NCI was founded by Bruce Perens, BTW.

discuss

Doc Searls - Re: Thursday, January 15, 2003  blueArrow
1/16/2003; 6:38:32 PM (reads: 697, responses: 2)
I think the 140x beat the 129. They all looked funky. Love the big dials, and the whole feel of those old beasts.

The ICF-2010 is pretty much gone from the retail channel now. Only J&R carried it, and it appears to be gone.

My shortwave box is a Grundig Satellit 800. I wrote about that big boy and some other stuff around that subject here and here.

The Grudig got some bad reviews, but some good ones too. I think it's amazing. FM and AM performance are exceeded by nothing I've ever used. Shortwave is pretty darn good too. The main drawbacks: it's huge, heavy, and doesn't tell you whether it's sucking energy from batteries or the wall. But I don't move it much, so that's cool.

discuss

lou josephs - Re: Thursday, January 15, 2003  blueArrow
1/16/2003; 10:34:30 PM (reads: 743, responses: 1)
Tom Sundstrom did two reviews of the 800, the first he hated (Sharper Image) and a later version last year. It's a big box. The one thing I liked about the Hammerlund is it's sound, you don't get that warm sound from a digital readout box. (www.ibcworks.net/radio68.htm) The old shortwave was recorded from the Hammerlund, the later stuff (radio moscow)came from the Sony 2010.

discuss

Ralph Brandi - Re: Thursday, January 15, 2003  blueArrow
1/17/2003; 2:20:04 AM (reads: 901, responses: 0)
Tom had good reason to hate the 800; his first sample was a piece of krep. They had serious quality control problems with the first few batches. But the underlying platform is solid; it's a cost-reduced Drake SW-8. Now that they've got the bugs out, it's a solid radio. Very solid. :-)
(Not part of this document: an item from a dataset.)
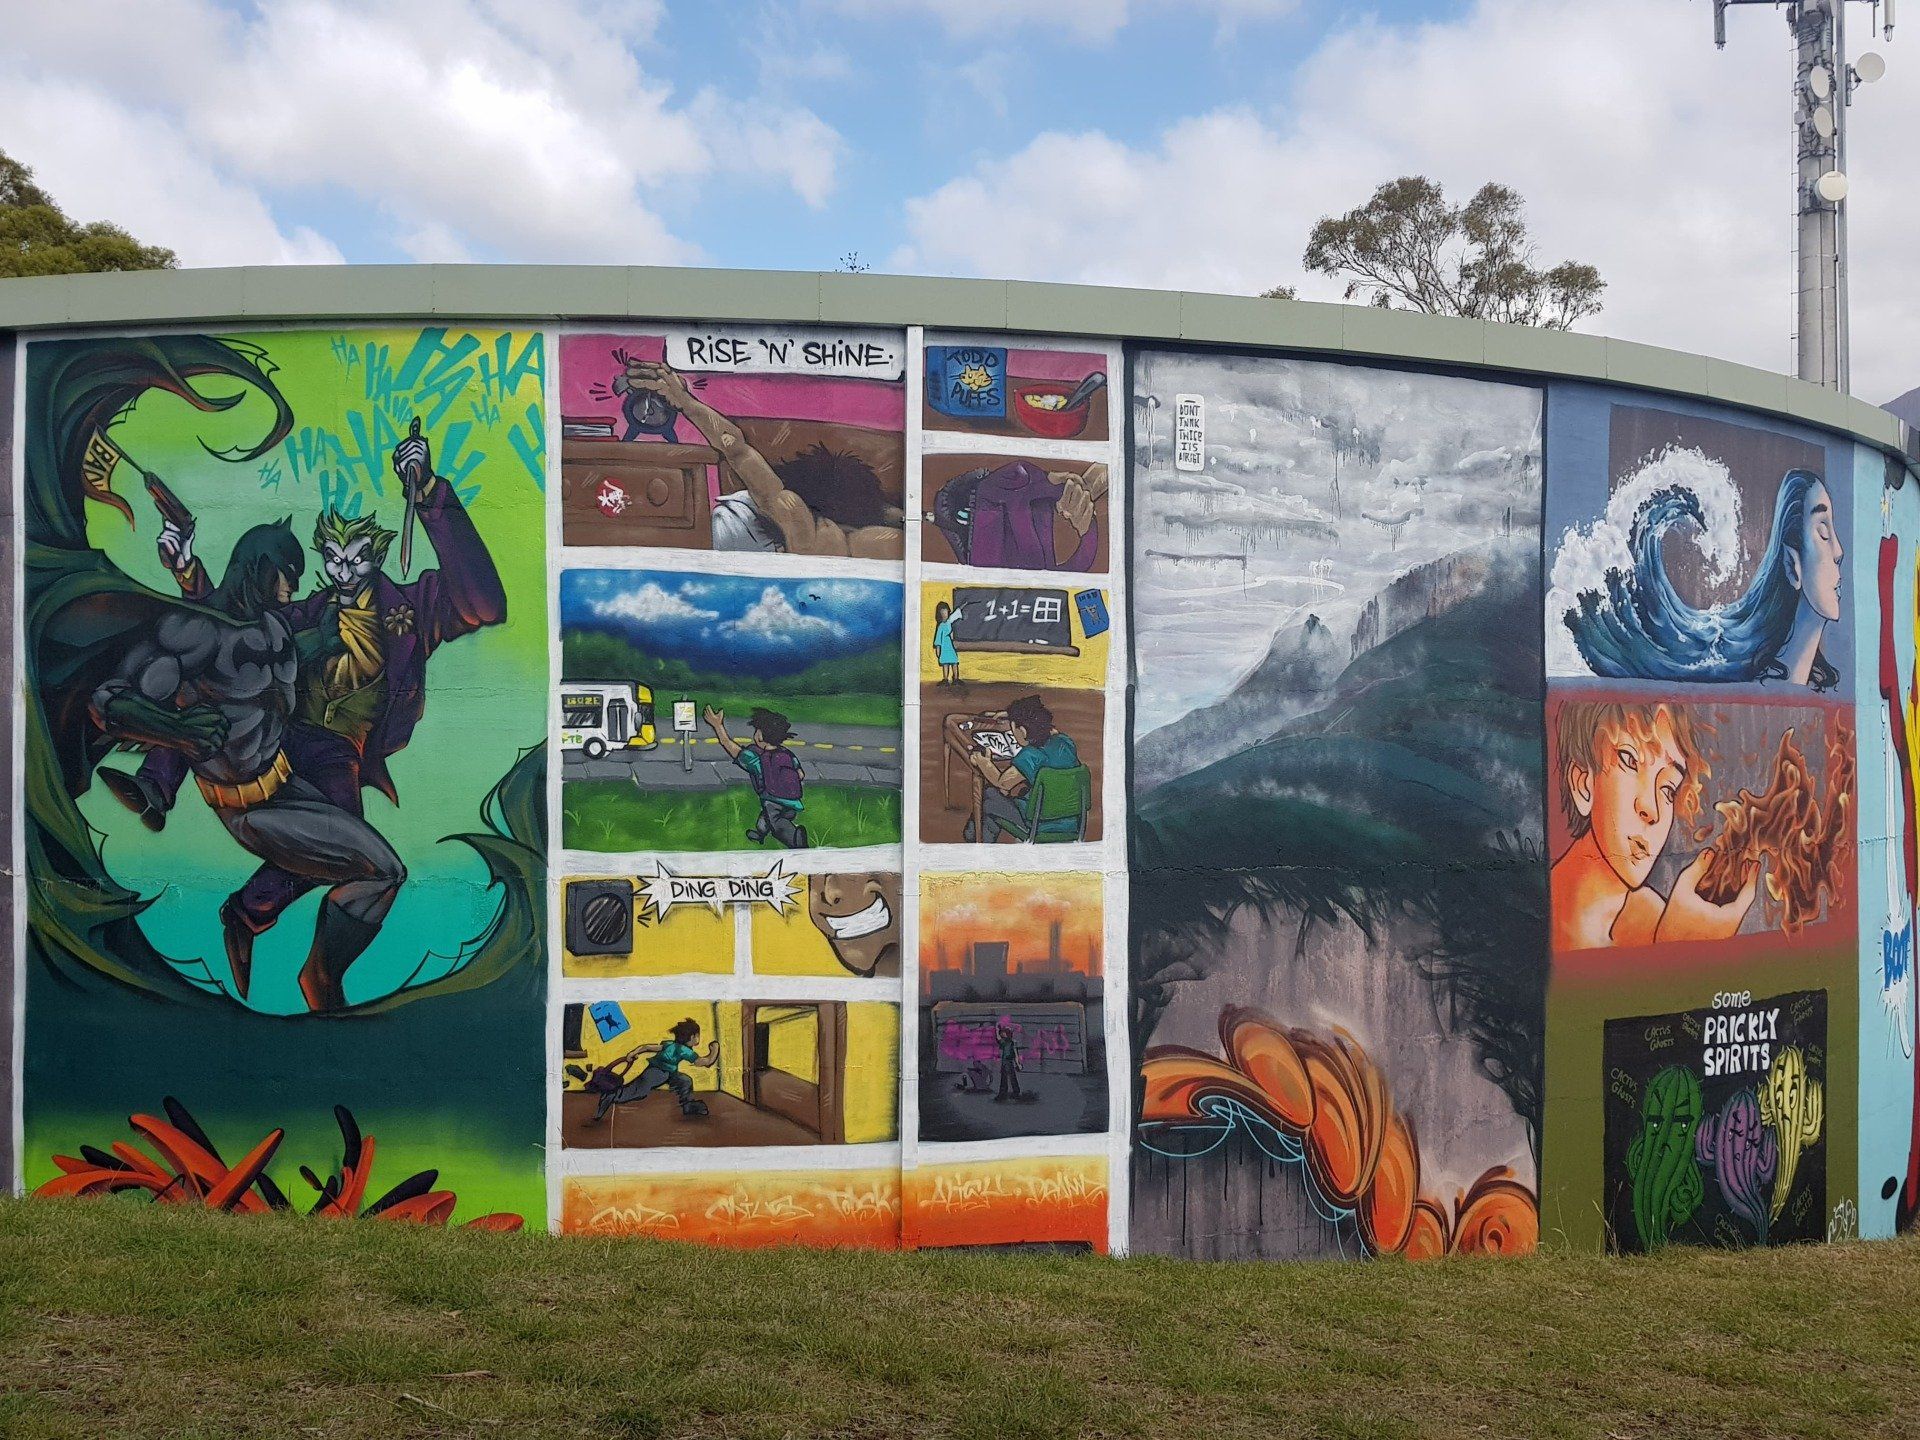 West Moonah Water Tank Art, Australian Silo Art trail

As for the 2010, it is indeed gone. Universal Radio in Ohio was the last source for it, and they just cancelled over a hundred orders this week because Sony didn't come through. Sony had originally promised to continue producing the radio until the end of March, but changed their minds. I bought a 2010 from Universal about two years ago to replace my original 2010, which bought the farm from overuse and a couple of close encounters of the Pepsi kind. It's truly a remarkable radio, and it's amazing that Sony kept it in its catalog for 17 years. I can't think of too many consumer electronics products with that kind of longetivity.